• **WORK REQUEST**
Start to finish, repeat the records exactly.

• **PROVIDED DATA**
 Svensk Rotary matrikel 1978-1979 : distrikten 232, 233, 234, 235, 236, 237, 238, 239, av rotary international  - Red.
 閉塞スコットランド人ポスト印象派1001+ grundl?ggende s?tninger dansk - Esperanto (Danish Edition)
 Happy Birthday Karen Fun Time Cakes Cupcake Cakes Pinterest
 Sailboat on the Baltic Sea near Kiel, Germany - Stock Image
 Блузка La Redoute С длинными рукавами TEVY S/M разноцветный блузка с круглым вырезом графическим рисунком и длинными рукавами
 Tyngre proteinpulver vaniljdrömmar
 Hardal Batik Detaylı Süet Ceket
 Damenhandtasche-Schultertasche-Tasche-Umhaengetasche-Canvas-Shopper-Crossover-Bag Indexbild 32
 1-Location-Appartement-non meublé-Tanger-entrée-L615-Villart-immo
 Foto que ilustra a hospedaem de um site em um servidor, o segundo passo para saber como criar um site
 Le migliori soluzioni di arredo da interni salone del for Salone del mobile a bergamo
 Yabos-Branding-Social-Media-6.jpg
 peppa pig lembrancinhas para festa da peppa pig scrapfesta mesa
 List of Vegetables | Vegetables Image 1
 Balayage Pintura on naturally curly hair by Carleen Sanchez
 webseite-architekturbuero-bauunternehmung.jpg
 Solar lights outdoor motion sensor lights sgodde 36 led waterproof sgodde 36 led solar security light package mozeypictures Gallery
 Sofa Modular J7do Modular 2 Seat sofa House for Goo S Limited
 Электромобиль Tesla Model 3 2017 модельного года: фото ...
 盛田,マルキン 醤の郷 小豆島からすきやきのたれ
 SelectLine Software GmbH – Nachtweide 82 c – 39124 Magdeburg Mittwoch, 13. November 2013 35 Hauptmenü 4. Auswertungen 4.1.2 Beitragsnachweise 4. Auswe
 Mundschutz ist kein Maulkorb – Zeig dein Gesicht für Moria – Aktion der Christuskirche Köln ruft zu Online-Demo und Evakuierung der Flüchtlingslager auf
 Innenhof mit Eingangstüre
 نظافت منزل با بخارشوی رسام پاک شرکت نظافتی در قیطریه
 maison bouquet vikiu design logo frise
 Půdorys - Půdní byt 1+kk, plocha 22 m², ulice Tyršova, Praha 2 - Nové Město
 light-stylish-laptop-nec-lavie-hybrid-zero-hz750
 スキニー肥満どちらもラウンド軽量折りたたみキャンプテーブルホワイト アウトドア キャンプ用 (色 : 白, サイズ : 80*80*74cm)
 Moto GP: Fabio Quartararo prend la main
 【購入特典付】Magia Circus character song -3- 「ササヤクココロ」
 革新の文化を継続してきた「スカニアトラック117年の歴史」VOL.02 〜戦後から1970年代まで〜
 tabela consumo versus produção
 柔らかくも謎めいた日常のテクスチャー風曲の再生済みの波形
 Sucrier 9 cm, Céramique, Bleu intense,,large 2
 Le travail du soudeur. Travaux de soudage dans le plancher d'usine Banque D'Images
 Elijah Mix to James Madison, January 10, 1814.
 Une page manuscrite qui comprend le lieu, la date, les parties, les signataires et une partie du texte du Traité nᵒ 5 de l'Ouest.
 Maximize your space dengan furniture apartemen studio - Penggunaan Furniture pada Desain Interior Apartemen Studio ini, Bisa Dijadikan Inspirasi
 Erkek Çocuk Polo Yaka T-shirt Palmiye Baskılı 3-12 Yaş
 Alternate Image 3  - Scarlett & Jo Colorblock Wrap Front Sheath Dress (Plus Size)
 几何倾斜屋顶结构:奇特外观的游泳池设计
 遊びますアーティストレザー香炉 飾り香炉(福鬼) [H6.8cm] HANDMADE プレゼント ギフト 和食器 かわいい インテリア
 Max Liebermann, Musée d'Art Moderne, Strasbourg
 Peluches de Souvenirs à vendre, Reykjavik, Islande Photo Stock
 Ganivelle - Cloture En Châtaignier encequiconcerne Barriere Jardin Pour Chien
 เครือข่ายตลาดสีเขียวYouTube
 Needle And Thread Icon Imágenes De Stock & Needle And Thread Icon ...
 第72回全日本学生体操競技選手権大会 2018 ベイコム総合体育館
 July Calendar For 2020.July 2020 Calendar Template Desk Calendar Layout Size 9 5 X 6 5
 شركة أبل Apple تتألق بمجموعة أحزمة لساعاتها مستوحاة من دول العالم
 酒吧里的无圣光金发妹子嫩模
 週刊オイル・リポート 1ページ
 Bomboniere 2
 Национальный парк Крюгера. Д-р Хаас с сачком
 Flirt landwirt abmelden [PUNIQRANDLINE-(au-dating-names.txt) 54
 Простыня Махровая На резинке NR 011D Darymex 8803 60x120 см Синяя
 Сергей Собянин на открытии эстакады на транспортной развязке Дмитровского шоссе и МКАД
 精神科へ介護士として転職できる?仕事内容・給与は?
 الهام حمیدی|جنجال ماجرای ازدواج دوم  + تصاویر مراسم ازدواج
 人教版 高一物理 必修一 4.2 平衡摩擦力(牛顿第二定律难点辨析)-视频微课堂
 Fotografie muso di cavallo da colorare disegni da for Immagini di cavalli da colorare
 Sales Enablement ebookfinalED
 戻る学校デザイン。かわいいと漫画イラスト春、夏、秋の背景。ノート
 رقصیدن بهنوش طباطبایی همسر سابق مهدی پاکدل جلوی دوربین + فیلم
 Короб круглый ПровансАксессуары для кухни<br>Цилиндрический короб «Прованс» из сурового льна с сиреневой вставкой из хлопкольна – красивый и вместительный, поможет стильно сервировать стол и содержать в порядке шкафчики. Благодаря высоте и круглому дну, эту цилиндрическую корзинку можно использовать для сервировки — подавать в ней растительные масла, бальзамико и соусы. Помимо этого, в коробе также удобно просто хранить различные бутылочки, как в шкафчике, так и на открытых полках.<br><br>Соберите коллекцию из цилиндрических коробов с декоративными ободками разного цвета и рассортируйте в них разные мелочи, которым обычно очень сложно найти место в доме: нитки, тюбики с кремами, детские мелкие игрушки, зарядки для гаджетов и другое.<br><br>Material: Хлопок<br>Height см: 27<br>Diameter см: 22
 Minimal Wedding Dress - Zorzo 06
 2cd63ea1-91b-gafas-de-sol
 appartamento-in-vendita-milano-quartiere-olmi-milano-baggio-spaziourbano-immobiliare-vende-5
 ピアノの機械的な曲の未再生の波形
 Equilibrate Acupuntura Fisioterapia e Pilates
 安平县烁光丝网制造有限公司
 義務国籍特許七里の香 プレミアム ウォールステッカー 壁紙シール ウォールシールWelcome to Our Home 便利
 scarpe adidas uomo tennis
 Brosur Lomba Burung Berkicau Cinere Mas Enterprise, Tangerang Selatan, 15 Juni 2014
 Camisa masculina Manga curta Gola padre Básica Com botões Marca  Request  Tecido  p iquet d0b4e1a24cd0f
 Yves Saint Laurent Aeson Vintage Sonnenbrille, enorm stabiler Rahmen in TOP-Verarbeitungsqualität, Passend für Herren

• **OUTPUT BELOW**
 Svensk Rotary matrikel 1978-1979 : distrikten 232, 233, 234, 235, 236, 237, 238, 239, av rotary international  - Red.
 閉塞スコットランド人ポスト印象派1001+ grundl?ggende s?tninger dansk - Esperanto (Danish Edition)
 Happy Birthday Karen Fun Time Cakes Cupcake Cakes Pinterest
 Sailboat on the Baltic Sea near Kiel, Germany - Stock Image
 Блузка La Redoute С длинными рукавами TEVY S/M разноцветный блузка с круглым вырезом графическим рисунком и длинными рукавами
 Tyngre proteinpulver vaniljdrömmar
 Hardal Batik Detaylı Süet Ceket
 Damenhandtasche-Schultertasche-Tasche-Umhaengetasche-Canvas-Shopper-Crossover-Bag Indexbild 32
 1-Location-Appartement-non meublé-Tanger-entrée-L615-Villart-immo
 Foto que ilustra a hospedaem de um site em um servidor, o segundo passo para saber como criar um site
 Le migliori soluzioni di arredo da interni salone del for Salone del mobile a bergamo
 Yabos-Branding-Social-Media-6.jpg
 peppa pig lembrancinhas para festa da peppa pig scrapfesta mesa
 List of Vegetables | Vegetables Image 1
 Balayage Pintura on naturally curly hair by Carleen Sanchez
 webseite-architekturbuero-bauunternehmung.jpg
 Solar lights outdoor motion sensor lights sgodde 36 led waterproof sgodde 36 led solar security light package mozeypictures Gallery
 Sofa Modular J7do Modular 2 Seat sofa House for Goo S Limited
 Электромобиль Tesla Model 3 2017 модельного года: фото ...
 盛田,マルキン 醤の郷 小豆島からすきやきのたれ
 SelectLine Software GmbH – Nachtweide 82 c – 39124 Magdeburg Mittwoch, 13. November 2013 35 Hauptmenü 4. Auswertungen 4.1.2 Beitragsnachweise 4. Auswe
 Mundschutz ist kein Maulkorb – Zeig dein Gesicht für Moria – Aktion der Christuskirche Köln ruft zu Online-Demo und Evakuierung der Flüchtlingslager auf
 Innenhof mit Eingangstüre
 نظافت منزل با بخارشوی رسام پاک شرکت نظافتی در قیطریه
 maison bouquet vikiu design logo frise
 Půdorys - Půdní byt 1+kk, plocha 22 m², ulice Tyršova, Praha 2 - Nové Město
 light-stylish-laptop-nec-lavie-hybrid-zero-hz750
 スキニー肥満どちらもラウンド軽量折りたたみキャンプテーブルホワイト アウトドア キャンプ用 (色 : 白, サイズ : 80*80*74cm)
 Moto GP: Fabio Quartararo prend la main
 【購入特典付】Magia Circus character song -3- 「ササヤクココロ」
 革新の文化を継続してきた「スカニアトラック117年の歴史」VOL.02 〜戦後から1970年代まで〜
 tabela consumo versus produção
 柔らかくも謎めいた日常のテクスチャー風曲の再生済みの波形
 Sucrier 9 cm, Céramique, Bleu intense,,large 2
 Le travail du soudeur. Travaux de soudage dans le plancher d'usine Banque D'Images
 Elijah Mix to James Madison, January 10, 1814.
 Une page manuscrite qui comprend le lieu, la date, les parties, les signataires et une partie du texte du Traité nᵒ 5 de l'Ouest.
 Maximize your space dengan furniture apartemen studio - Penggunaan Furniture pada Desain Interior Apartemen Studio ini, Bisa Dijadikan Inspirasi
 Erkek Çocuk Polo Yaka T-shirt Palmiye Baskılı 3-12 Yaş
 Alternate Image 3  - Scarlett & Jo Colorblock Wrap Front Sheath Dress (Plus Size)
 几何倾斜屋顶结构:奇特外观的游泳池设计
 遊びますアーティストレザー香炉 飾り香炉(福鬼) [H6.8cm] HANDMADE プレゼント ギフト 和食器 かわいい インテリア
 Max Liebermann, Musée d'Art Moderne, Strasbourg
 Peluches de Souvenirs à vendre, Reykjavik, Islande Photo Stock
 Ganivelle - Cloture En Châtaignier encequiconcerne Barriere Jardin Pour Chien
 เครือข่ายตลาดสีเขียวYouTube
 Needle And Thread Icon Imágenes De Stock & Needle And Thread Icon ...
 第72回全日本学生体操競技選手権大会 2018 ベイコム総合体育館
 July Calendar For 2020.July 2020 Calendar Template Desk Calendar Layout Size 9 5 X 6 5
 شركة أبل Apple تتألق بمجموعة أحزمة لساعاتها مستوحاة من دول العالم
 酒吧里的无圣光金发妹子嫩模
 週刊オイル・リポート 1ページ
 Bomboniere 2
 Национальный парк Крюгера. Д-р Хаас с сачком
 Flirt landwirt abmelden [PUNIQRANDLINE-(au-dating-names.txt) 54
 Простыня Махровая На резинке NR 011D Darymex 8803 60x120 см Синяя
 Сергей Собянин на открытии эстакады на транспортной развязке Дмитровского шоссе и МКАД
 精神科へ介護士として転職できる?仕事内容・給与は?
 الهام حمیدی|جنجال ماجرای ازدواج دوم  + تصاویر مراسم ازدواج
 人教版 高一物理 必修一 4.2 平衡摩擦力(牛顿第二定律难点辨析)-视频微课堂
 Fotografie muso di cavallo da colorare disegni da for Immagini di cavalli da colorare
 Sales Enablement ebookfinalED
 戻る学校デザイン。かわいいと漫画イラスト春、夏、秋の背景。ノート
 رقصیدن بهنوش طباطبایی همسر سابق مهدی پاکدل جلوی دوربین + فیلم
 Короб круглый ПровансАксессуары для кухни<br>Цилиндрический короб «Прованс» из сурового льна с сиреневой вставкой из хлопкольна – красивый и вместительный, поможет стильно сервировать стол и содержать в порядке шкафчики. Благодаря высоте и круглому дну, эту цилиндрическую корзинку можно использовать для сервировки — подавать в ней растительные масла, бальзамико и соусы. Помимо этого, в коробе также удобно просто хранить различные бутылочки, как в шкафчике, так и на открытых полках.<br><br>Соберите коллекцию из цилиндрических коробов с декоративными ободками разного цвета и рассортируйте в них разные мелочи, которым обычно очень сложно найти место в доме: нитки, тюбики с кремами, детские мелкие игрушки, зарядки для гаджетов и другое.<br><br>Material: Хлопок<br>Height см: 27<br>Diameter см: 22
 Minimal Wedding Dress - Zorzo 06
 2cd63ea1-91b-gafas-de-sol
 appartamento-in-vendita-milano-quartiere-olmi-milano-baggio-spaziourbano-immobiliare-vende-5
 ピアノの機械的な曲の未再生の波形
 Equilibrate Acupuntura Fisioterapia e Pilates
 安平县烁光丝网制造有限公司
 義務国籍特許七里の香 プレミアム ウォールステッカー 壁紙シール ウォールシールWelcome to Our Home 便利
 scarpe adidas uomo tennis
 Brosur Lomba Burung Berkicau Cinere Mas Enterprise, Tangerang Selatan, 15 Juni 2014
 Camisa masculina Manga curta Gola padre Básica Com botões Marca  Request  Tecido  p iquet d0b4e1a24cd0f
 Yves Saint Laurent Aeson Vintage Sonnenbrille, enorm stabiler Rahmen in TOP-Verarbeitungsqualität, Passend für Herren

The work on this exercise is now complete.